J’avais réussi à persuader mon frère et ma sœur de s’occuper de notre ancêtre jusqu’à hier, mais ils avaient fini par en avoir marre. Pendant des années, j’avais toujours été plus que disposé à le faire alors qu’eux avaient plutôt tendance à rechigner. Ils se sont sentis obligés de me rendre ce service – mais apparemment leur peur d’Armelin surpassait leur pseudo gratitude, puisque j’étais de corvée ce jour-là !

 

– Oui, je comprends… et j’imagine que ton enlèvement t’a causé un choc. Tu as dû prendre du temps pour t’en remettre.

 

– Mon enlèvement ? (Donc, je n’avais pas rêvé !) Toute cette histoire était réelle !?

 

– Bien sûr, hocha-t-il la tête . Tu ne te souviens pas de ces hommes ? De ce qu’ils t’ont fait ? De ce que JE leur ai fait ? (Je ne pus réprimer un léger frisson.) Connaissant ta curiosité naturelle, je m’imaginais que tu me harcèlerais de questions… comme toujours.

 

– Tu… Tu serais d’accord de me répondre ? m’étonnai-je.

 

– J’y suis plus que disposé, haussa-t-il les épaules, vu que tu as été blessé par ma faute. Et que malgré ça tu t’es gardé de tout révéler à ton père…

 

– Ah. Ce n’est pas quelque chose à aller répéter… Cela a-t-il un rapport avec ton « travail »?

 

Armelin rapportait des sommes colossales à la famille, mais on ne savait pas toujours d’où il gagnait cet argent. Ces occupations liées à la famille étaient légales, mais on ne comptait que sur sa parole. Il ôta sa chemise et sortit une neuve du sac que je lui avais apporté. Il l’enfila et se mit à la boutonner.

 

– Non, fit-il sèchement.

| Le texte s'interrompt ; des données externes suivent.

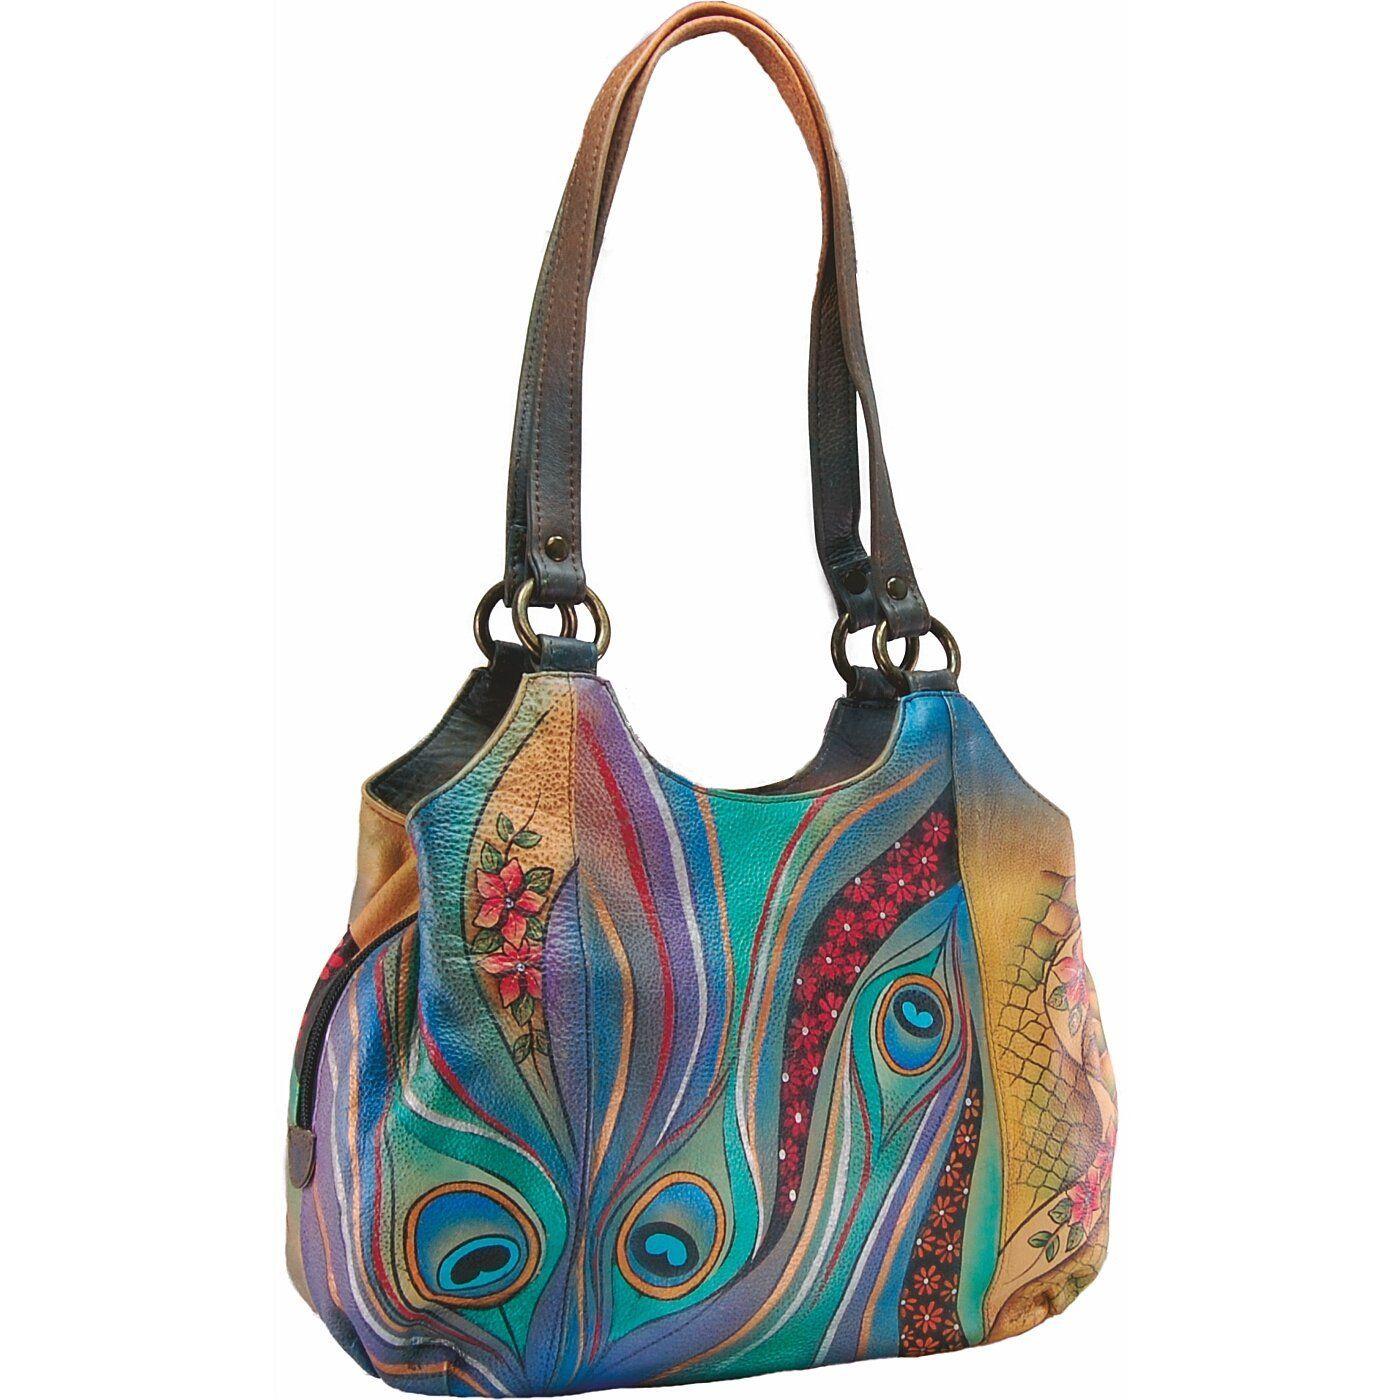 ANUSCHKA hand painted leather shoulder bag Amazon.co.uk

L’argent que j’ai emprunté à Marcelo n’a été utilisé ni pour les placements de la famille, ni pour financer la société de ton père.

 

– Pourquoi tu as demandé de l’argent à cet homme et non à papa ? C’était un prêteur sur gages, ou un truc du genre ?

 

– Tu penses que je dois aller mendier auprès du « chef de famille » pour obtenir ce que je veux ? Je possède mes propres comptes Camille ! Mais dans cette situation j’avais besoin d’une somme conséquente, et en échange d’un service Marcelo me la fournissait.

 

Son ton était tendu. Si son visage n’exprimait pas autant de calme, j’aurais pensé que mes questions le mettaient sur les nerfs. Pourtant, c’est lui qui avait accepté d’y répondre ! Je persévérai :

 

– Et tu ne lui as pas rendu ce service.

 

– Non. Parce qu’en plus d’être illégal, ça m’embêtait.

 

Il n’en dit pas plus. Je revins au sujet qui me préoccupait le plus.

 

– Que s’est-il passé après que tu m’aies libéré ? poursuivis-je. Tu es apparu comme par magie, tu as tué ces hommes et je me suis retrouvé dans ma chambre SANS UNE ÉGRATIGNURE. Comment est-ce possible ?

 

Il ne cilla pas malgré mon ton chargé de sous-entendus. Je savais déjà qu’il avait du mal à saisir le second degré, mais là même lui aurait dû comprendre que je l’accusais.

 

– Tu t’es évanoui, tout simplement. Tu as subi une expérience horrible en étant attaqué par Marcelo et ses gros bras, ils t’ont enlevé et ils t’ont salement amoché. Tu as sûrement relâché la pression en sachant que tu étais en sécurité avec moi.

 

– Ah ouais ? Mais comme tu le dis si bien, ils m’ont passé à tabac. Comment se fait-il que je n’aie aucune marque ? Pas de bleus, de contusions, pas la moindre petite douleur ?

 

Pour la première fois en plus de quatorze ans que je le connaissais, Armelin étira ses lèvres en un sourire fin et chargé d’ironie. Et croyez-moi, c’était encore plus flippant que d’apercevoir ses crocs.

 

– Ça… fit-il à mi-voix en retenant un ricanement, c’est mon petit secret.

 

Trop perturbé ce jour-là par les réactions de mon parent et surtout à court de questions à poser, je n’approfondis pas mon interrogatoire.

 

Ce que j’allais regretter amèrement au cours des semaines suivantes… Et des années à venir.